Tesseract OCR - Released as Open Source - Greg's Cool [Insert Clever Name] of the Day

Wednesday, September 06, 2006

Tesseract OCR - Released as Open Source

"We wanted to let you all know that a few months ago we quietly released - or actually re-released - an Optical Character Recognition (OCR) engine into open source. You might wonder why Google is interested in OCR? In a nutshell, we are all about making information available to users, and when this information is in a paper document, OCR is the process by which we can convert the pages of this document into text that can then be used for indexing.
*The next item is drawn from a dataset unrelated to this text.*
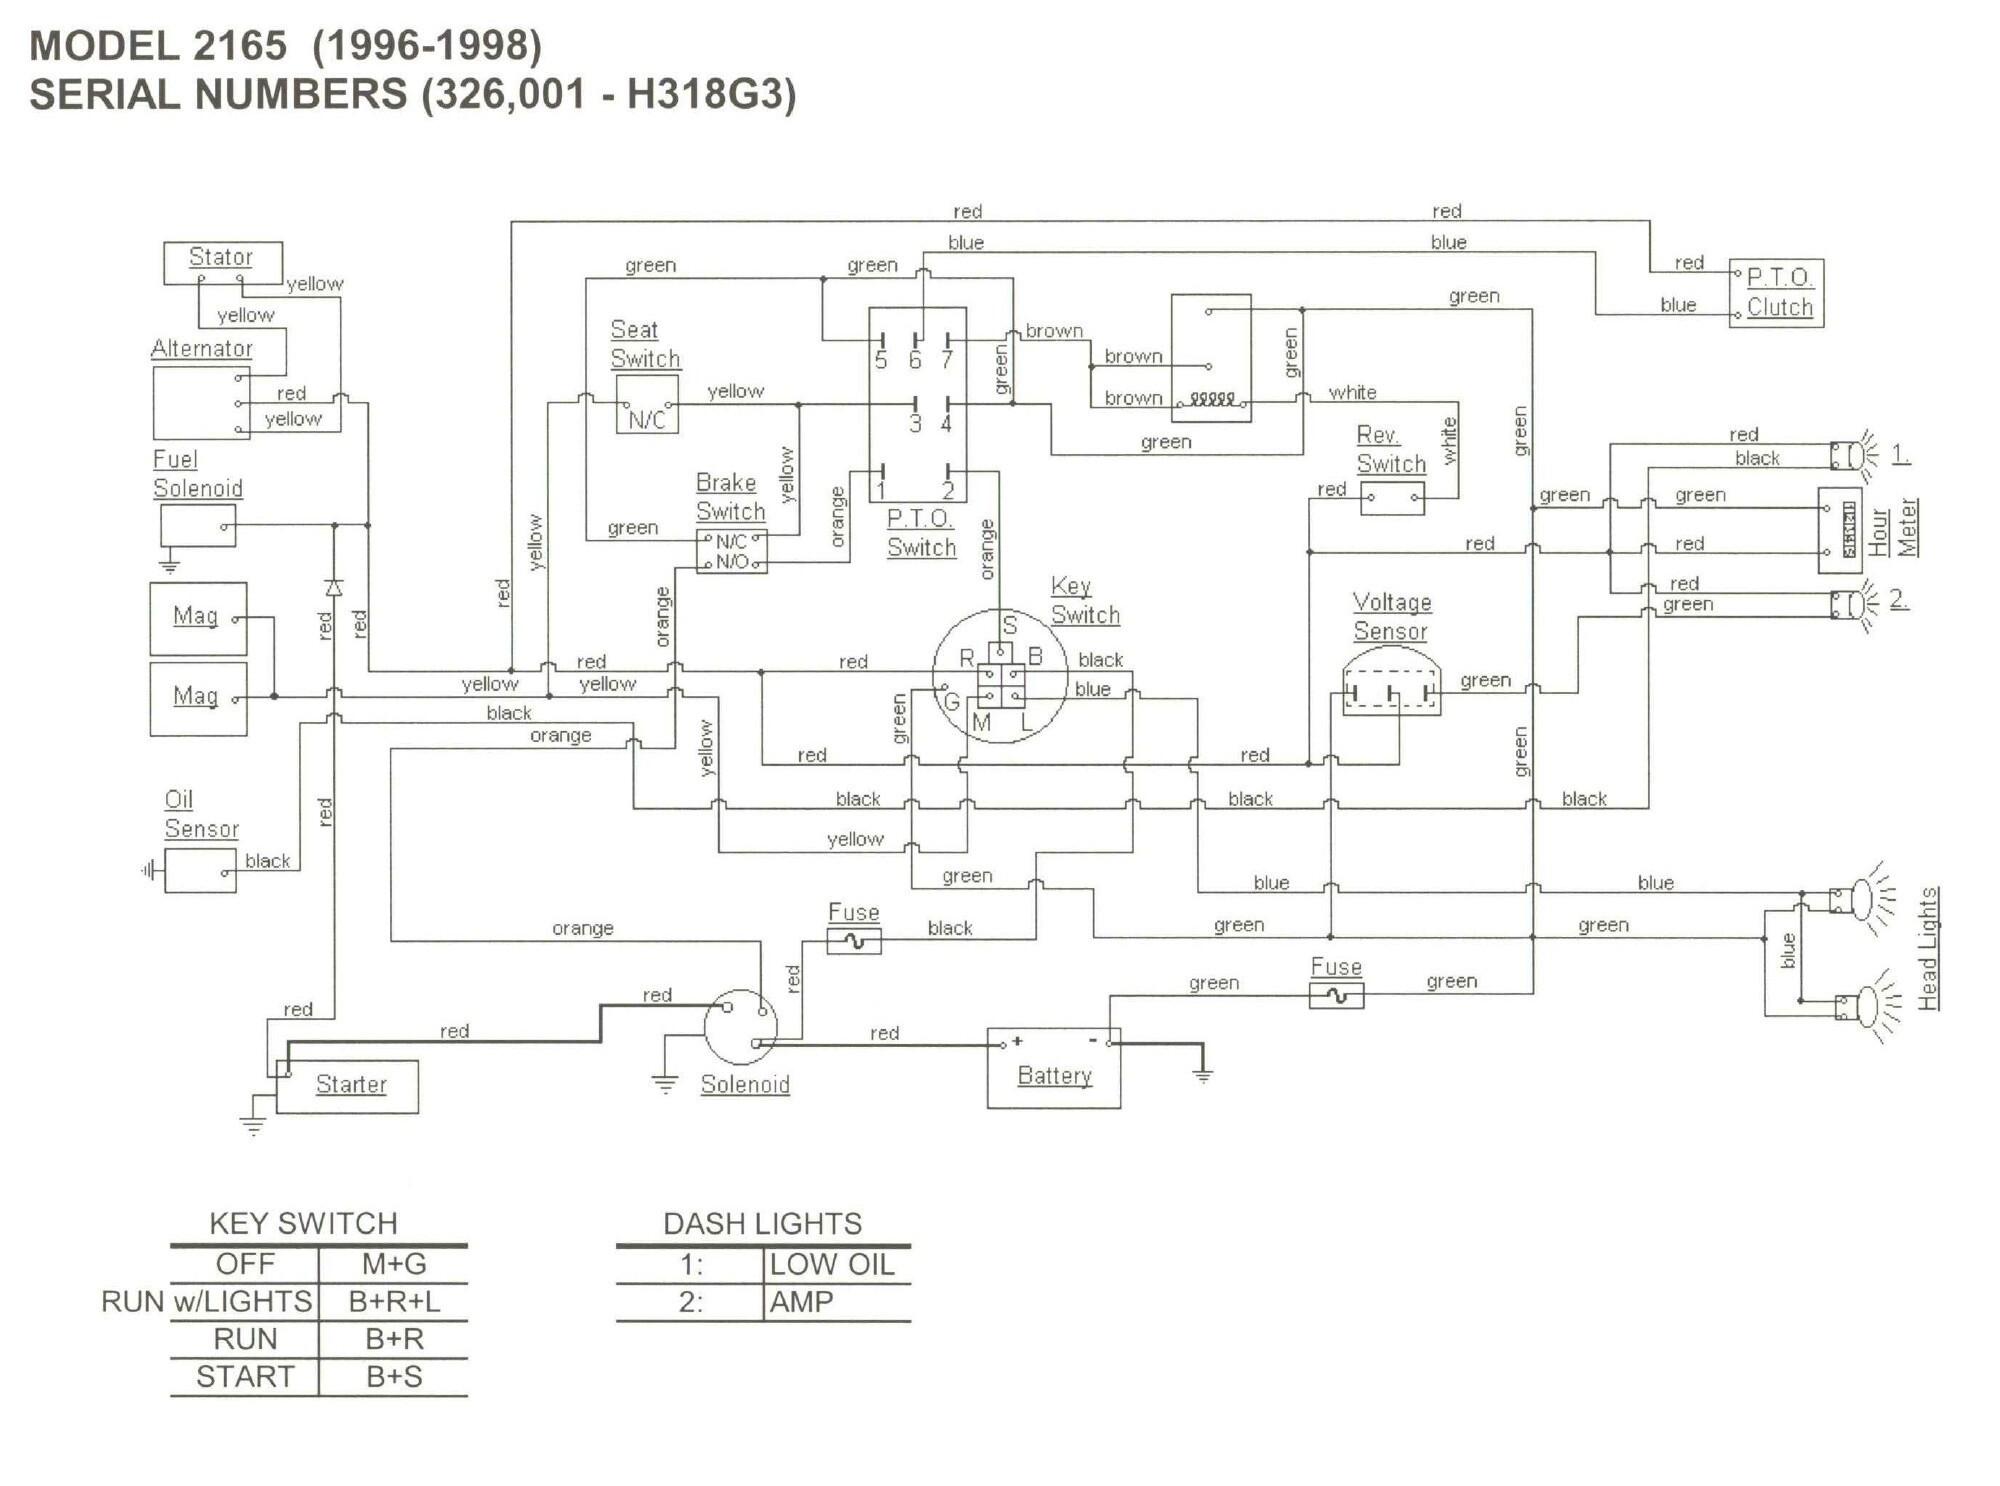 [FPWZ_2684]  EX_7148] Cub Cadet Wiring Diagrams Wiring Diagrams Schematic Wiring | Cub Cadet 2135 Wiring Diagram |  | Wned Venet Mohammedshrine Librar Wiring 101

This particular OCR engine, called Tesseract, was in fact not originally developed at Google! It was developed at Hewlett Packard Laboratories between 1985 and 1995....

...A few things to know about Tesseract OCR: for now it only supports the English language, and does not include a page layout analysis module (yet), so it will perform poorly on multi-column material. It also doesn't do well on grayscale and color documents, and it's not nearly as accurate as some of the best commercial OCR packages out there. Yet, as far as we know, despite its shortcomings, Tesseract is far more accurate than any other Open Source OCR package out there..."

This could be an interesting project...

Currently the SourceForge download doesn't include a binary and won't compile for me (it seems to me missing a ccutil\mfcpch.cpp?) and I don't have the bandwidth to CVS the source.

Still now with Google behind it, I'm adding this project to my watch list...

(via TheMadAdmin - Google Open Sources an OCR program.)